Cooking healthy on a budget for 1 has some tricks to it though.

It's good that you like fresh produce. It's a good buy in season and healthy. But for budget reasons, you need to buy in season when it's at its peak for quality and nadir for price. So for the Winter time, you need to work more in storable vegetables and accent/garnish with the expensive out of season things if you use them at all.

Avoid fresh herbs at the store. Grow them yourself for much less and can be done year round indoors or out. Many dried herbs are excellent as well and worth exploring at this point in your life.

Learn to love legumes and cook them yourself. This will save money and they can be reused later in the week for other dishes.   Soups are particularly frugal and worth your time. You can study with only brief interruptions to add the next ingredient and let it simmer along. A pressure cooker is a great time saver for many legumes.

Meat becomes an accent rather than the focus of the meal, and more meals will be meatless. 

The saute is the elegant solution for cooking for one but it focuses on the more expensive tender cuts. Not a budget friendly thing. Braising is good for the cheaper cuts and again cooks while you study. But braises are BIG and you'll need a freezer and the discipline to use it to cook this way.

It's not really about recipes for one as learning to use the leftovers of larger cuts efficiently and avoiding expensive things  in the first place.


----------



## fira (Feb 14, 2011)

I would recommend buying a NuWave Oven Pro (search on Google) you will save lots of energy and have VERY+ tasty and healthy foods.


----------



## petemccracken (Sep 18, 2008)

Fira said:


> I would recommend buying a NuWave Oven Pro (search on Google) you will save lots of energy and have VERY+ tasty and healthy foods.


Really??


----------



## pcieluck (Dec 9, 2010)

Grow some herbs in a few pots. if you use them as regularly as me, it'll save you a lot in the long run. Whole chickens selling at only $0.50/lb are your friend. that's the protein of at least 4 meals for less than $5. After you eat that, you can make stock from the bones for the price of basic mirepoix.  Good stock means you can make good sauces on a pretty lean budget.  Egg and potatoes. Neither of those are expensive, but can make a delicious meal or side dish that really stick to your ribs.  I honestly believe a lot of the best food has its roots in old peasant life. I've had weeks that i've had $10 to spend on groceries, but still managed to feed myself better than average dishes. Poverty necessitates innovation.
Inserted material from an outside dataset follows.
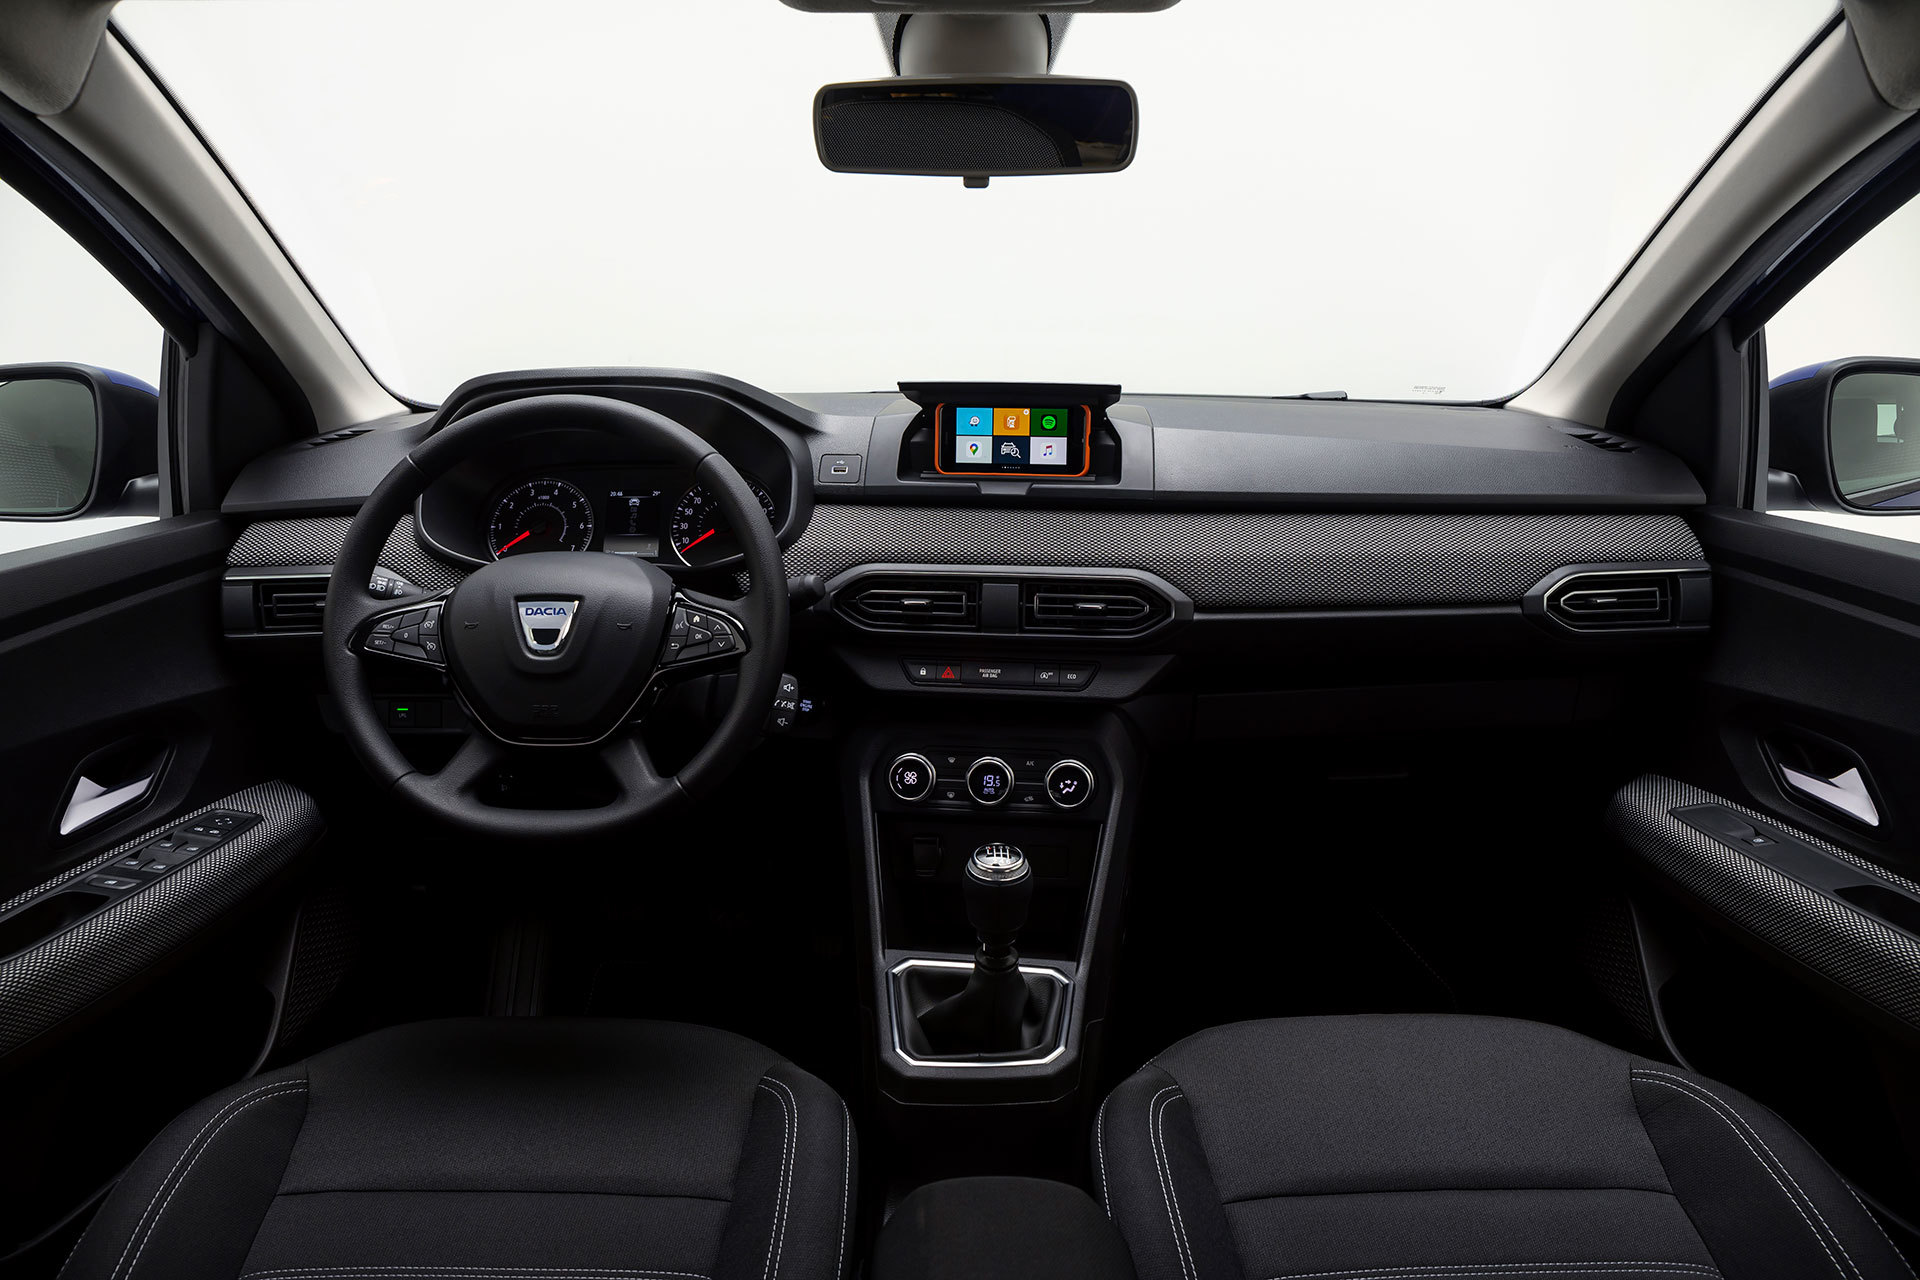 Dacia Sandero 2020 Interior 05

So may your lean budget make you a better chef!


----------



## chefedb (Apr 3, 2010)

Since I am not an organic or health food guru I won't go into that phase.
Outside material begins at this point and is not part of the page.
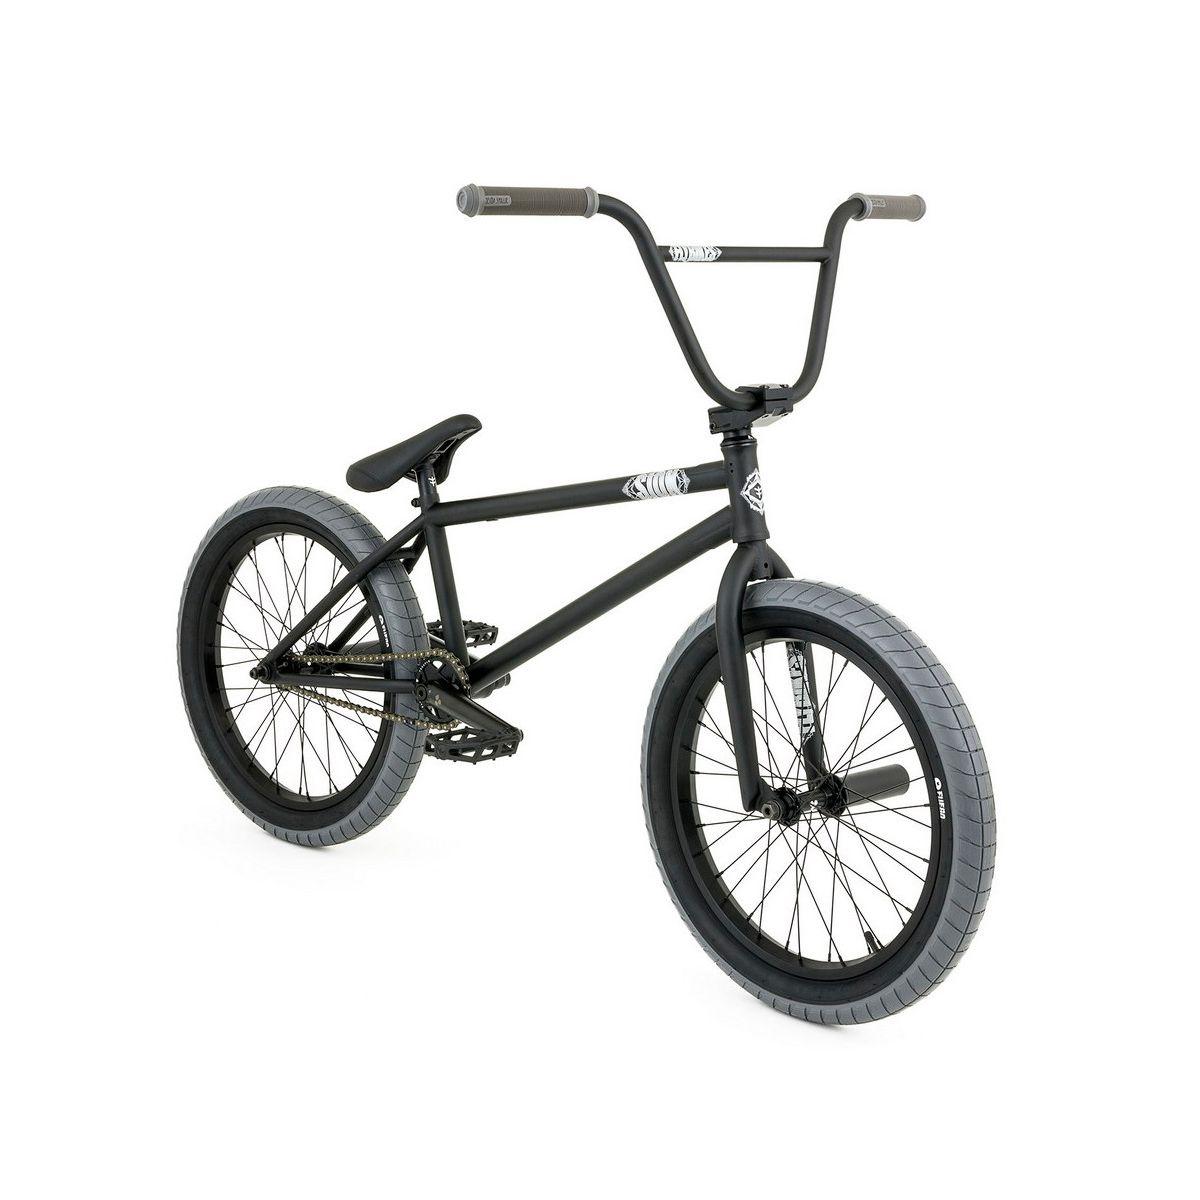 Rower Bmx Flybikes Sion 8 Flat Black Sklep Avebmx

As far as budget  shop Walmart  I find them 15 to 25% less across the on average..  Don't shop a food club as half your money will be invested in food in your pantry. Store brands today cost less and unlike years ago are as good and in some cases better then name brands.

Buy 1 item that can be used for 2 or 3 other things or dishes .  There should be no waste, as one item recycles to the other. Sit down and plan the meals for 1 week at a time.When you shop use a list and stick to it, No impulse buying. Go shopping after you eat, not if you are hungry. Its been proven if hungry you buy more .Use coupons and watch sales.Good Luck


----------



## kyheirloomer (Feb 1, 2007)

As with so many things, a lot of this depends on your available time. Trading time for money has always been important to budget-minded people.

If you don't already have one, I suggest investing in a small freezer. The one in your fridge just isn't large enough. Last time I looked, one of those mini-s was selling for around 200 bucks. A bunch of money, for sure. But it will let you take advantage of sales and quantity buys, and will soon have paid for itself.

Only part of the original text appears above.